Material provided below:
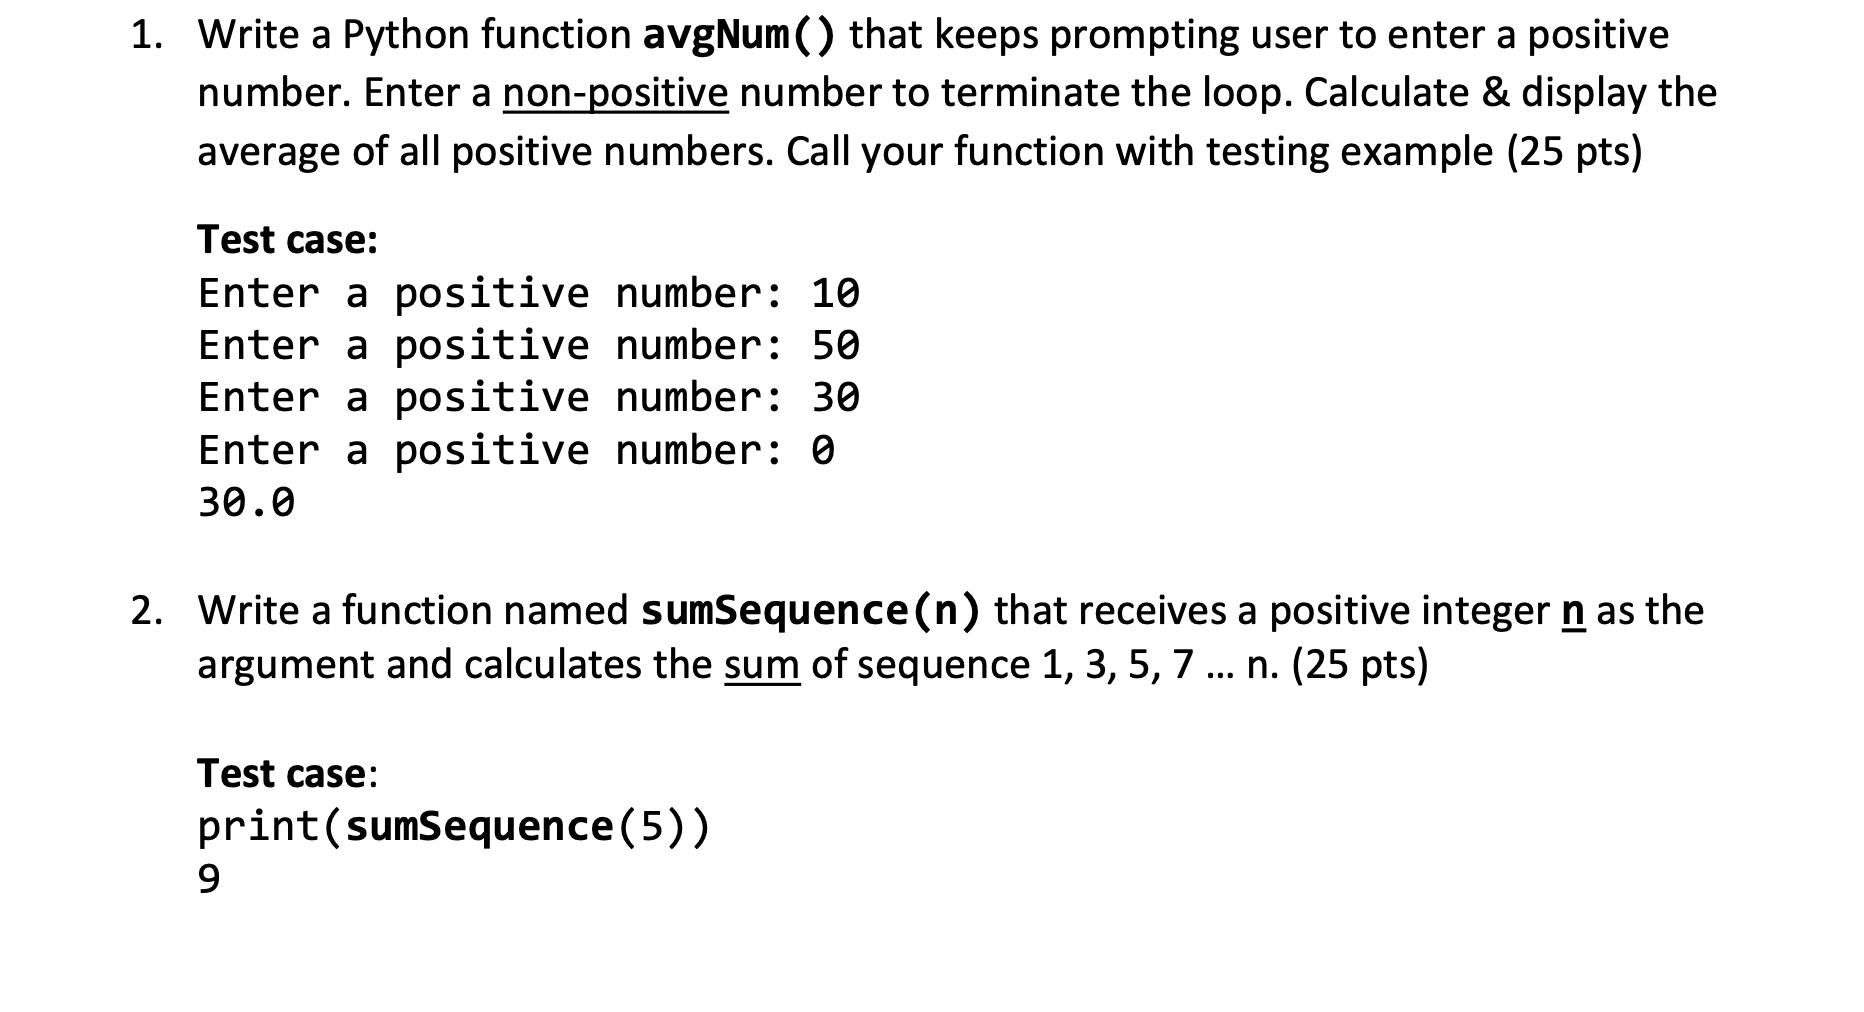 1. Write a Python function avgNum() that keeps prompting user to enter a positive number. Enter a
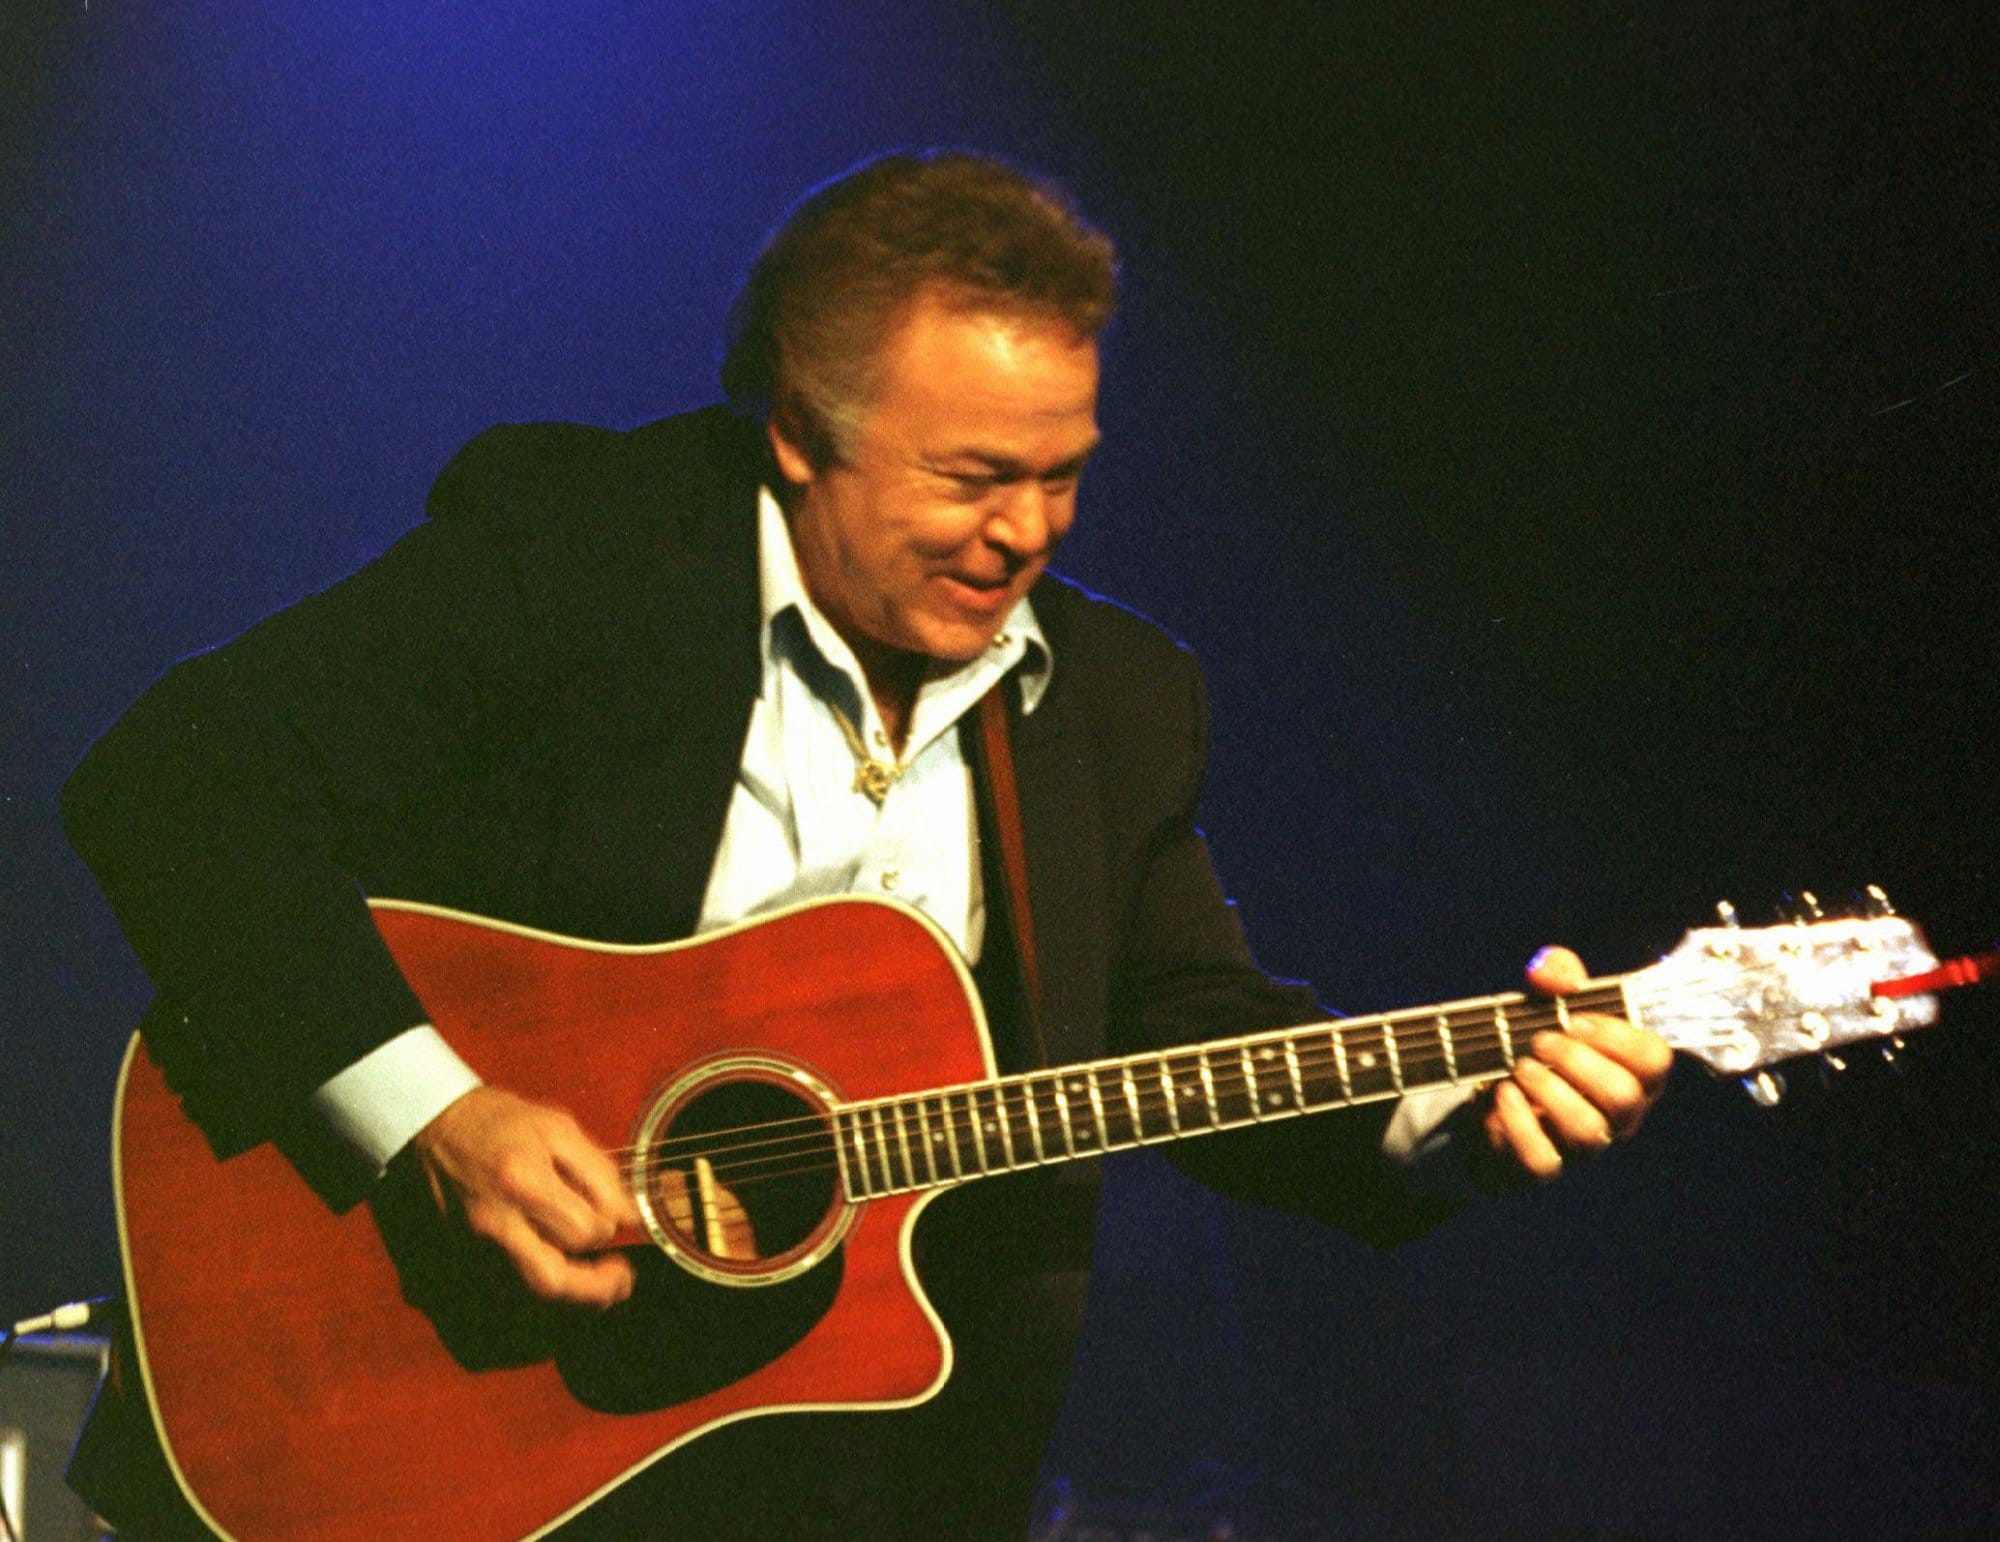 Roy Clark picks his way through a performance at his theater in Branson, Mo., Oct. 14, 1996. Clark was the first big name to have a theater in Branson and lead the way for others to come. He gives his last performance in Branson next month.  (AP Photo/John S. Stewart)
End of Material provided.
Material provided below:
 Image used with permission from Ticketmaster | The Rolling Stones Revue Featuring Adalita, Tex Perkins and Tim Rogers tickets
End of Material provided.
(Assignment)
Once the line with "1. Write a Python" is found above, print it and every line after it through the line with "Roy Clark picks", exactly. Pictures stay out.

(Completed task)
 1. Write a Python function avgNum() that keeps prompting user to enter a positive number. Enter a
 Roy Clark picks his way through a performance at his theater in Branson, Mo., Oct. 14, 1996. Clark was the first big name to have a theater in Branson and lead the way for others to come. He gives his last performance in Branson next month.  (AP Photo/John S. Stewart)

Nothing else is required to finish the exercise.